Mikhail Khodorkovsky at a news conference in Berlin after his December 2013 release from prison in Russia. Photo by Michael Sohn/Associated Press
Mikhail Khodorkovksy, the former oil tycoon imprisoned for a decade under President Vladimir Putin, has returned to Russia’s political scene with renewed vigor. But he’s doing it without returning to Russia itself.
Over the past couple of weeks, in a series of meetings and interviews in New York and Washington, Khodorkovsky has promoted a revival of Open Russia, the name of his foundation that was shut down by Russian authorities in 2006. The revived Open Russia, operating from exile, promises a platform to connect disparate, pro-European Russians into a politically-engaged community.
Under Putin’s rule, Russia has “successfully broken these people apart in small pieces not connected to one another,” said Khodorkovsky in a meeting this morning with members of the Council on Foreign Relations in New York. Open Russia aims to link the far-flung fragments of the intellectual opposition, via conversation on the online platform and offline events both within and outside of Russia.
“People need to feel that they have common political goals,” he said. “I would like these people to feel that there are very many of them” and that they have mechanisms to work together.
Khodorkovsky, now 51, became a face of the opposition movement in Russia when he was imprisoned after being convicted for tax evasion, money-laundering and embezzlement in what were widely seen as political charges. Two trials and 10 years in prison later. Putin pardoned Khodorkovsky last December, shortly before Russia hosted the Winter Olympics in Sochi. The former tycoon moved to Switzerland and initially said he would stay away from politics.

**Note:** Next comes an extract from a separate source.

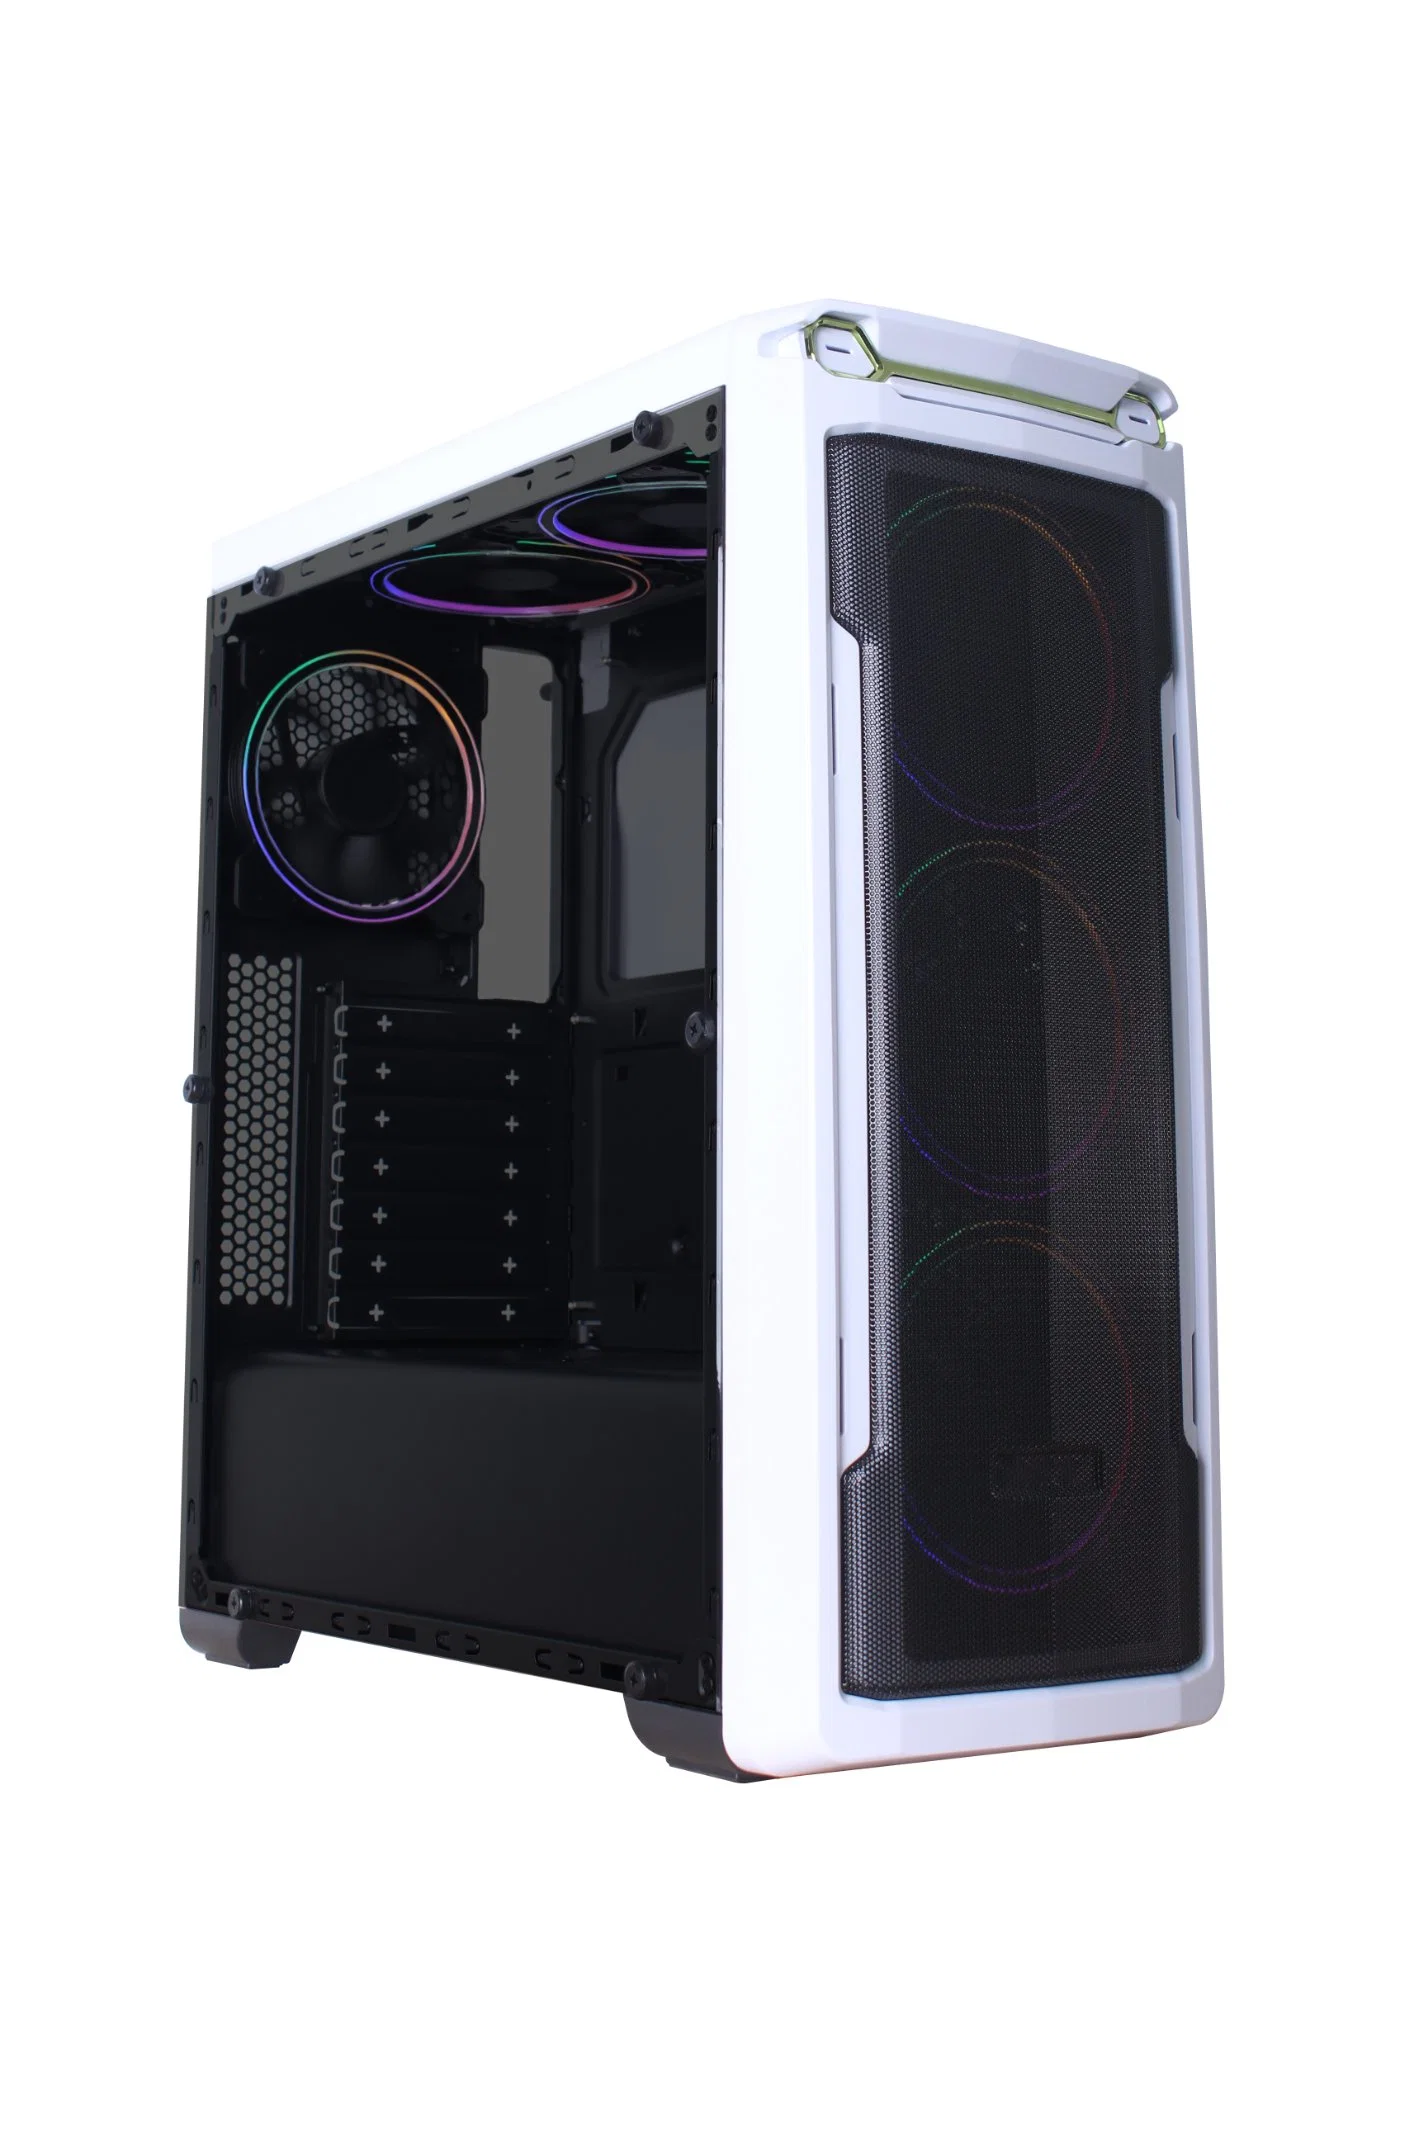 Acrylic Computer Case PC Case Gaming with RGB Fans

Open Russia, re-launched last month, was originally founded in 2001 by shareholders of Yukos, Khodorkovsky’s former Russian oil and gas company, but was shut down when the Russian government froze Yukos’ bank accounts. Khodorkovsky said today that the revamped version of Open Russia aims specifically to engage oppositionists outside of Moscow and St Petersburg.

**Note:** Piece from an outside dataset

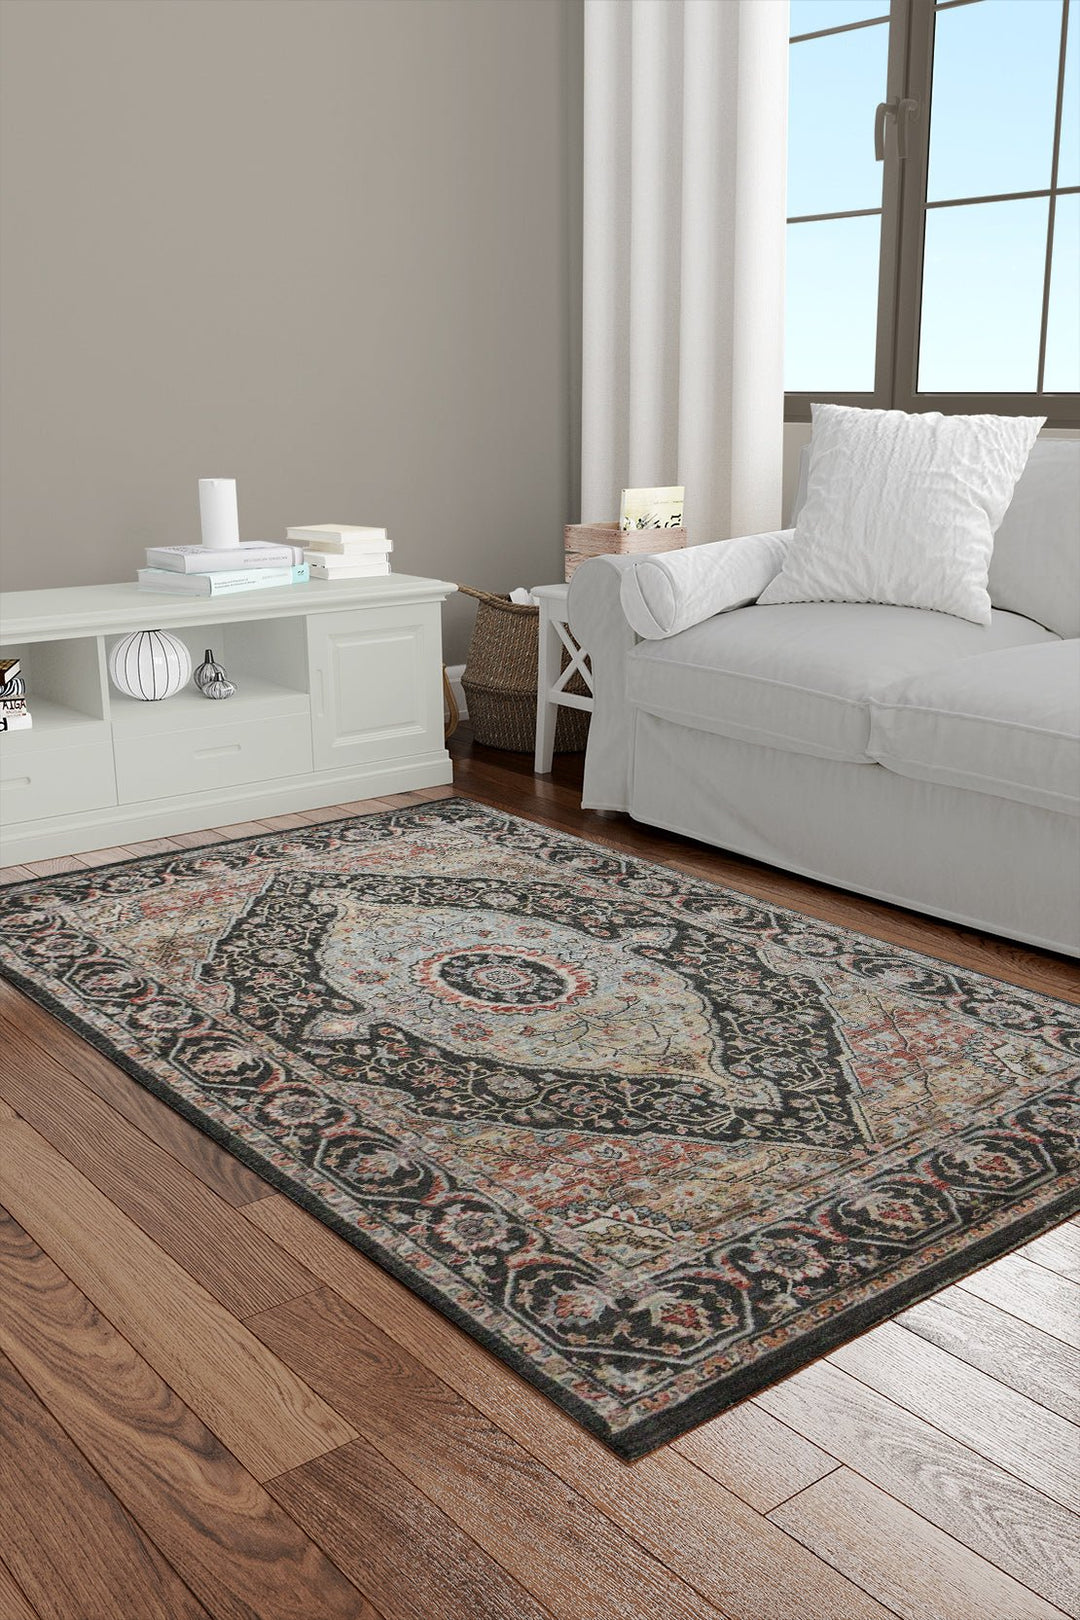 Premium Quality Turkish Antia Rug - 3.9 x 5.9 FT - Gray - Resilient Construction for Long-Lasting Use - V Surfaces

“When people see that their social activism improves their own life and surroundings, their appetite for social engagement increases,” said Khodorkovsky. He said that a recent conference with Russian citizens involved in Open Russia gave him hope that “people are ready to take risks and act,” even after some participants were called in by security officials for “prophylactic meetings.”
A live question and answer session with Khodorkovsky on the Open Russia website last week revealed that many Russians sympathetic to his views nonetheless remain skeptical of the ultimate effectiveness of the organization, given President Putin’s efforts to clamp down further on the independent press and Internet freedom in Russia.
Khodorkovsky told the Council on Foreign Relations audience that a short-term goal for Open Russia would be to help independent local candidates in legislative elections in 2016. Longer term, he said, Russia needs to rewrite its constitution, to rebalance and separate powers among the executive, legislative and judicial branches.
“Putin is merely a symbol of the problem,” he said. The real obstacle to progress is the “lack of a law-based state,” said Khodorkovsky.
Khodorkovsky said that he would be ready to participate in those reforms and then “leave the stage for good,” when “the situation has further changed and become normal.” In other settings recently, he’s said that he would be ready to take on the role of temporary President in a time of crisis, including in an interview for French newspaper Le Monde on September, 20th 2014.
As he has in other interviews, Khodorkovsky criticized Western sanctions on Russia for its involvement in Ukraine. He said U.S. sanctions lack moral weight in the eyes of ordinary Russians, who believe that the West has tolerated massive corruption, including the removal of large sums of money from Russia to western investments.
“You knew about it and were fine with the fact that Russian people were being plundered” by the state, he said.
Khodorkovsky’s criticism of Russia’s incestuous political and financial regime rings hollow to some, given that he, too, benefitted from the corrupt privatization of state enterprises in the early 90s, quickly becoming the country’s richest oligarch. He acknowledged “mistakes” while noting he was “one the few who has paid” for those mistakes.
“If we can’t be totally moral, we should not use this to justify the fact that we’re totally immoral,” he recalled telling Putin prior to his imprisonment in 2003.
Asked about how Putin might eventually leave the political stage, Khodorkovsky said a “soft departure” is unlikely, despite the seemingly peaceful, democratic transition promoted by Open Russia. For that kind of transition, “if nothing extraordinary happens, we are talking about ten years, maybe more,” he said. The solution “is not going to sound very pleasant: time.”